* PROVIDED DATA
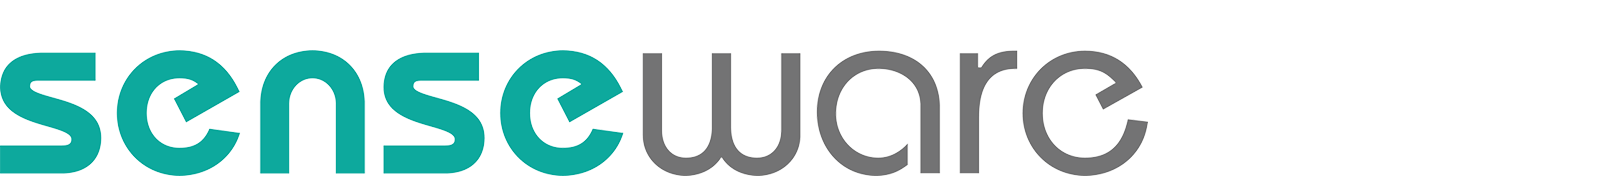 senseware logo
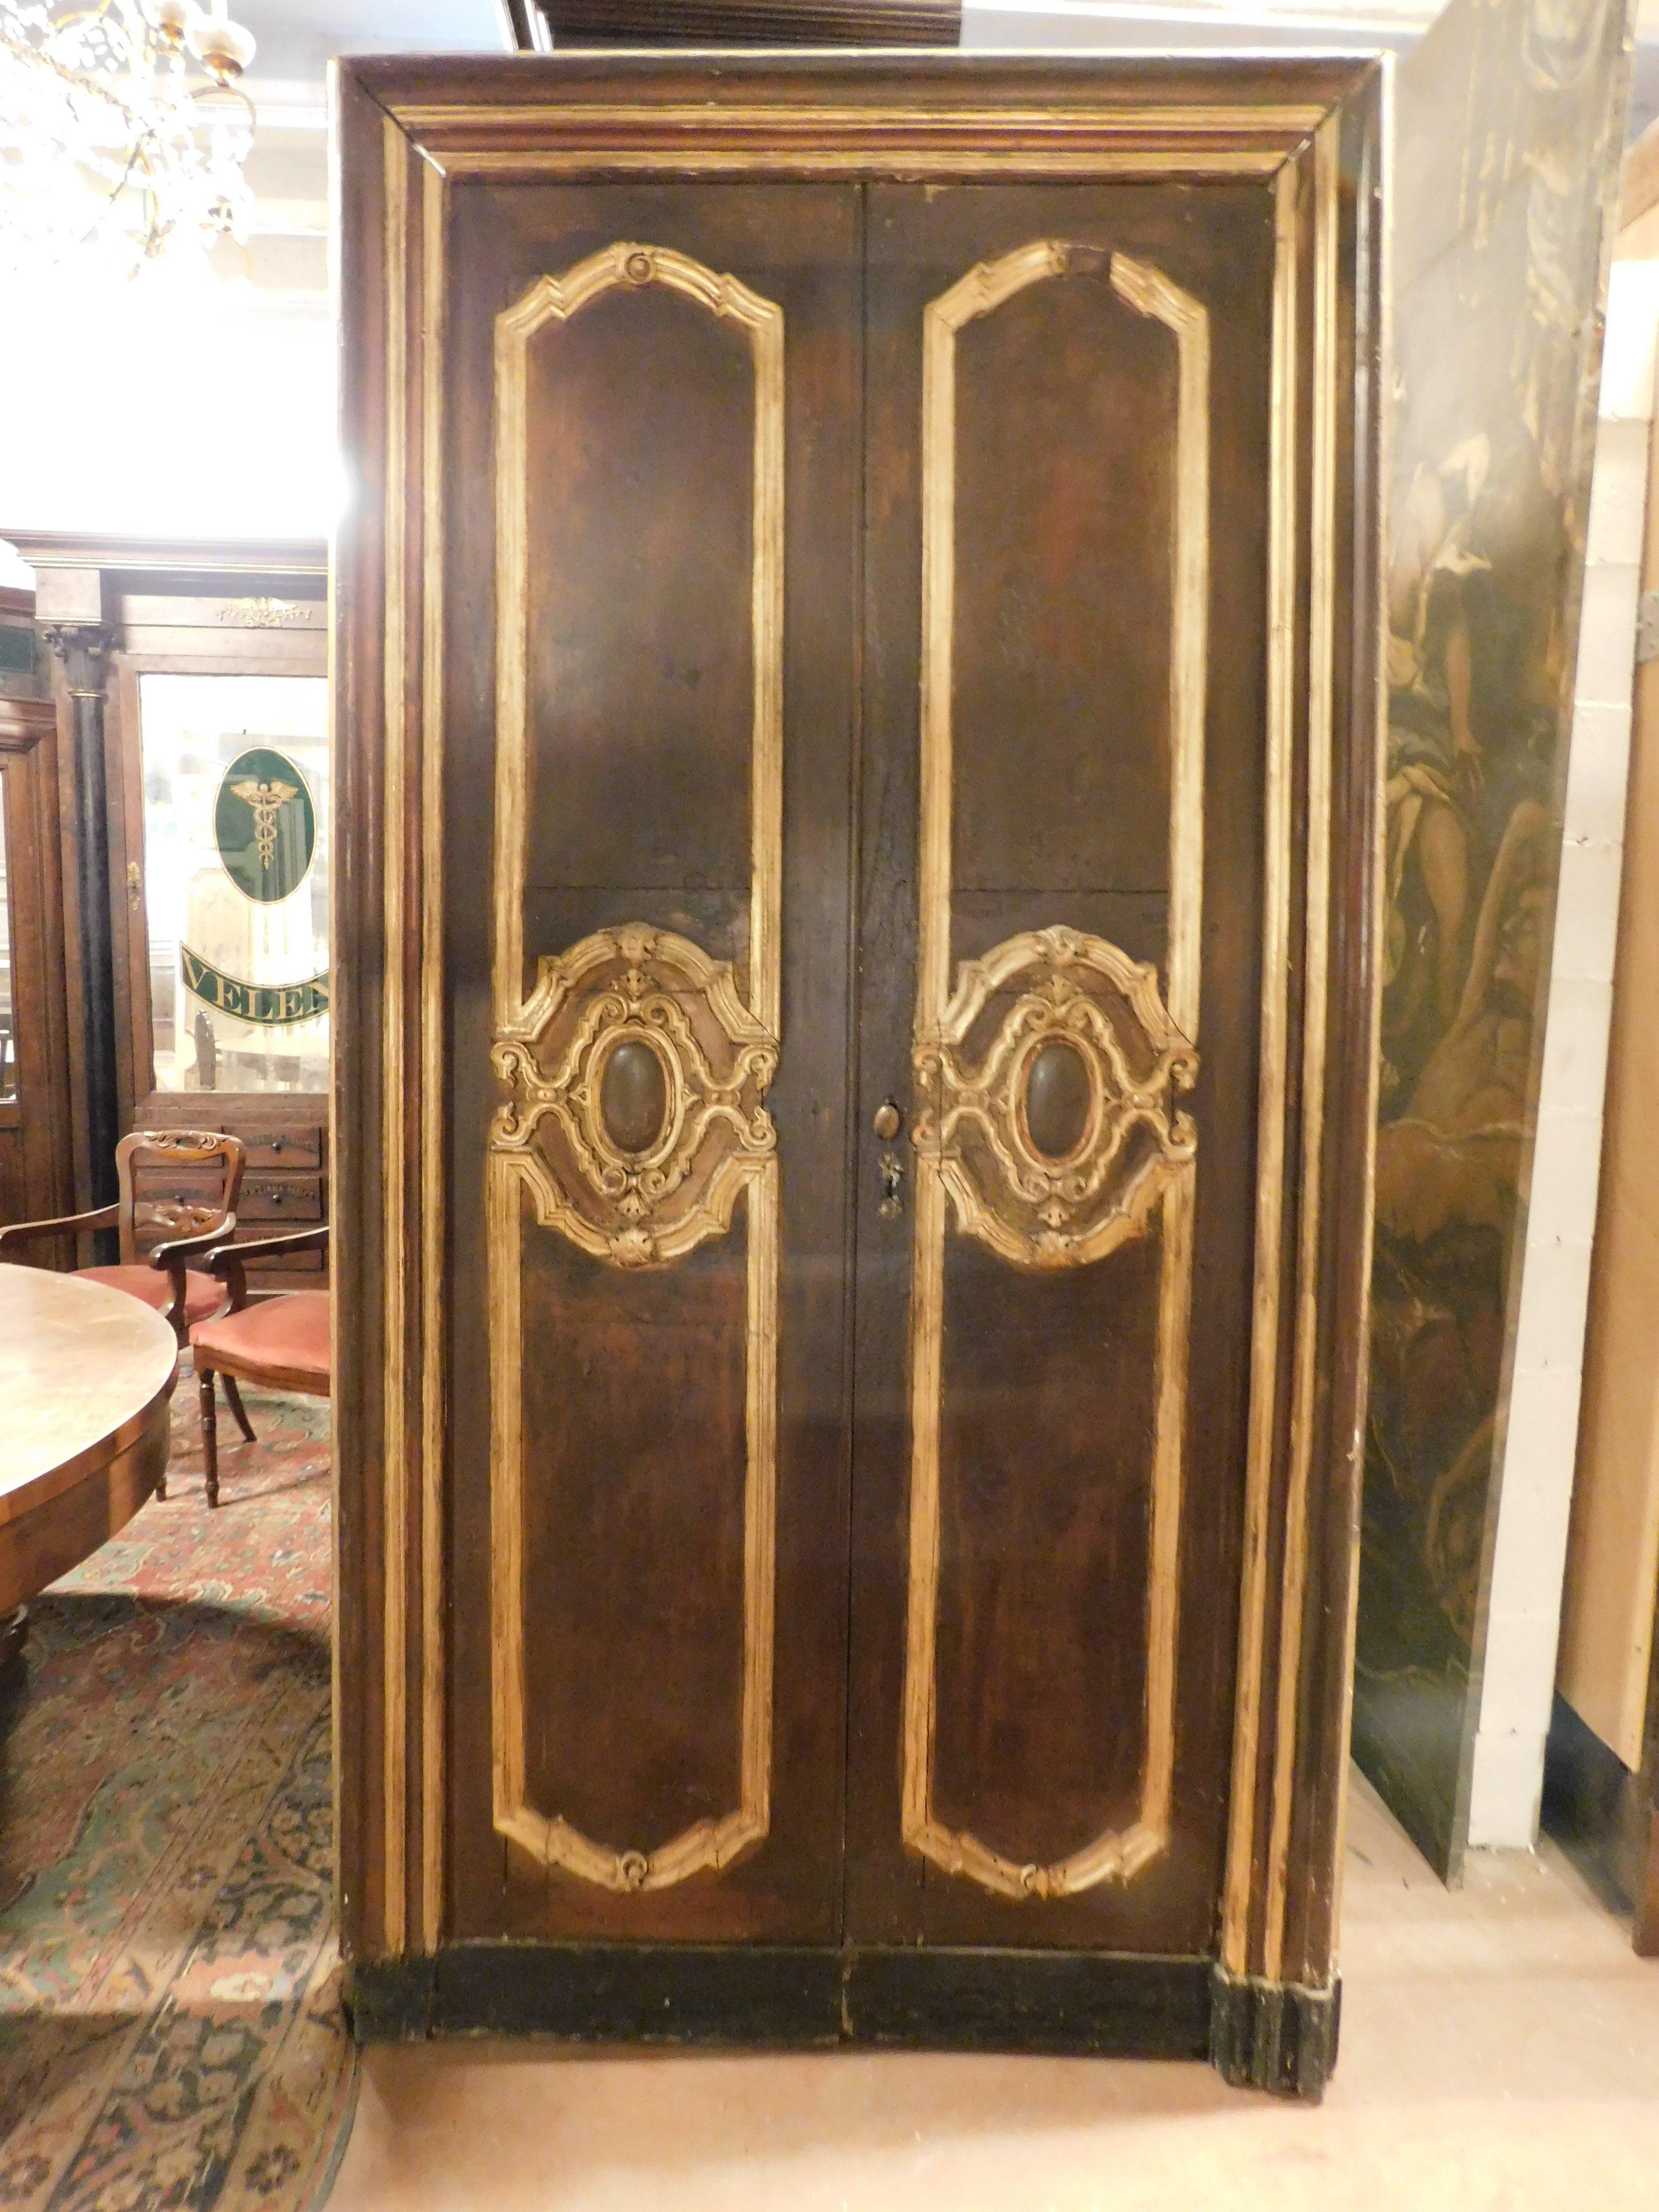 Ensemble de 2 portes intérieures à double battant, avec cadres originaux et dorés, laquées à la main dans des couleurs brunes et dorées, construites en Italie à la fin du XVIIIe siècle.
Dos sculpté mais peut-être à finir avec une autre couleur,
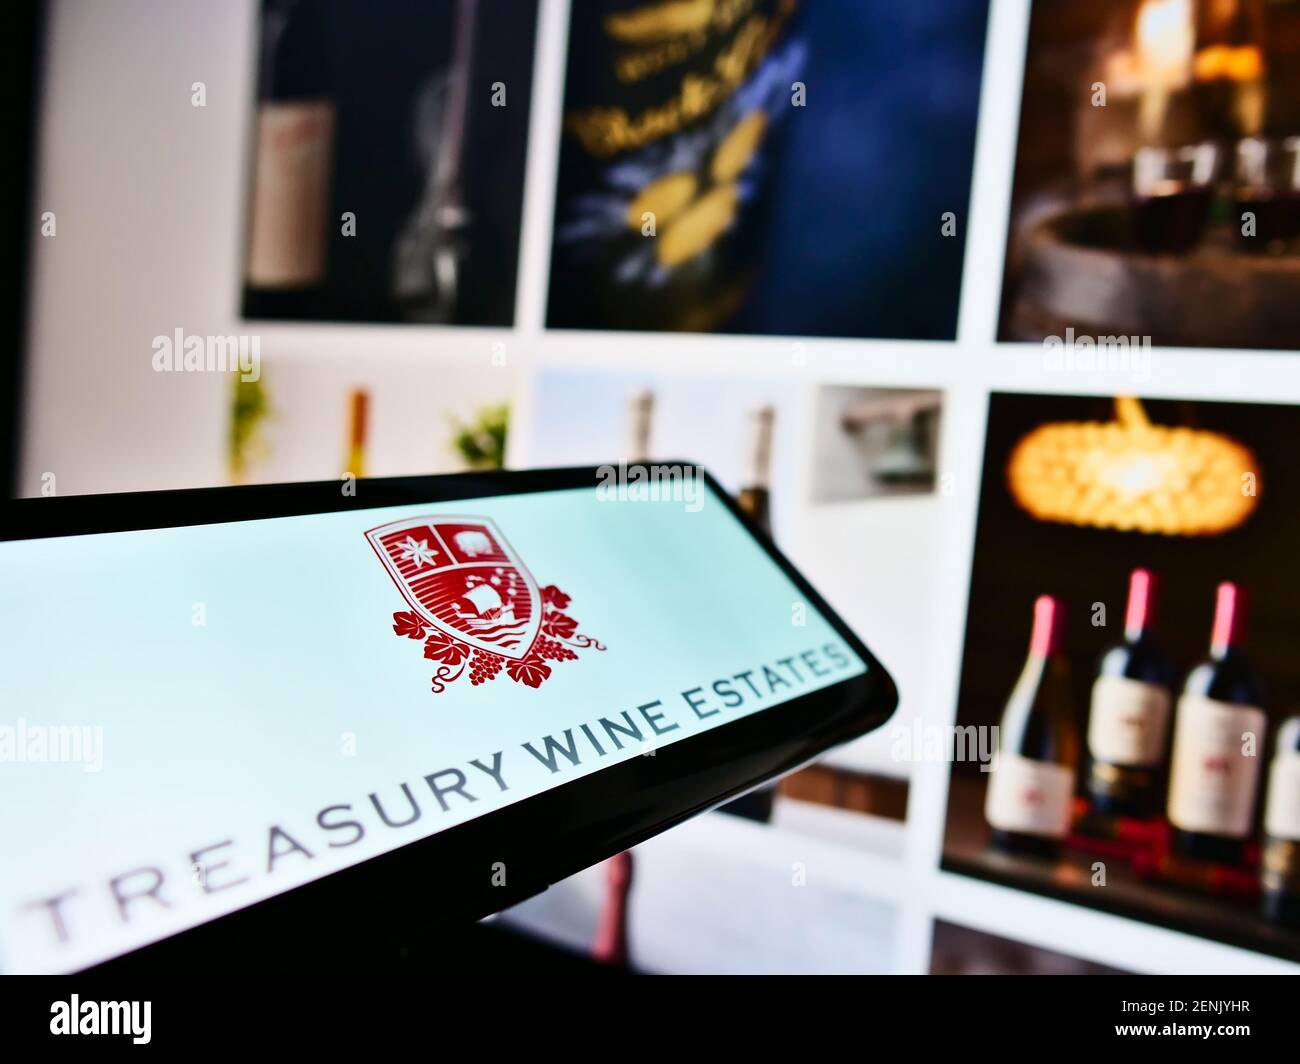 Cellulare con logo della società vinicola australiana Treasury Wine Estates Limited sullo schermo davanti alla pagina web. Mettere a fuoco il centro del display del telefono. Foto Stock

* PROBLEM STATEMENT
Pictures stay out. Everything else in the listing gets printed exactly.

* RESPONSE TO THIS TASK
 senseware logo
 Ensemble de 2 portes intérieures à double battant, avec cadres originaux et dorés, laquées à la main dans des couleurs brunes et dorées, construites en Italie à la fin du XVIIIe siècle.
Dos sculpté mais peut-être à finir avec une autre couleur,
 Cellulare con logo della società vinicola australiana Treasury Wine Estates Limited sullo schermo davanti alla pagina web. Mettere a fuoco il centro del display del telefono. Foto Stock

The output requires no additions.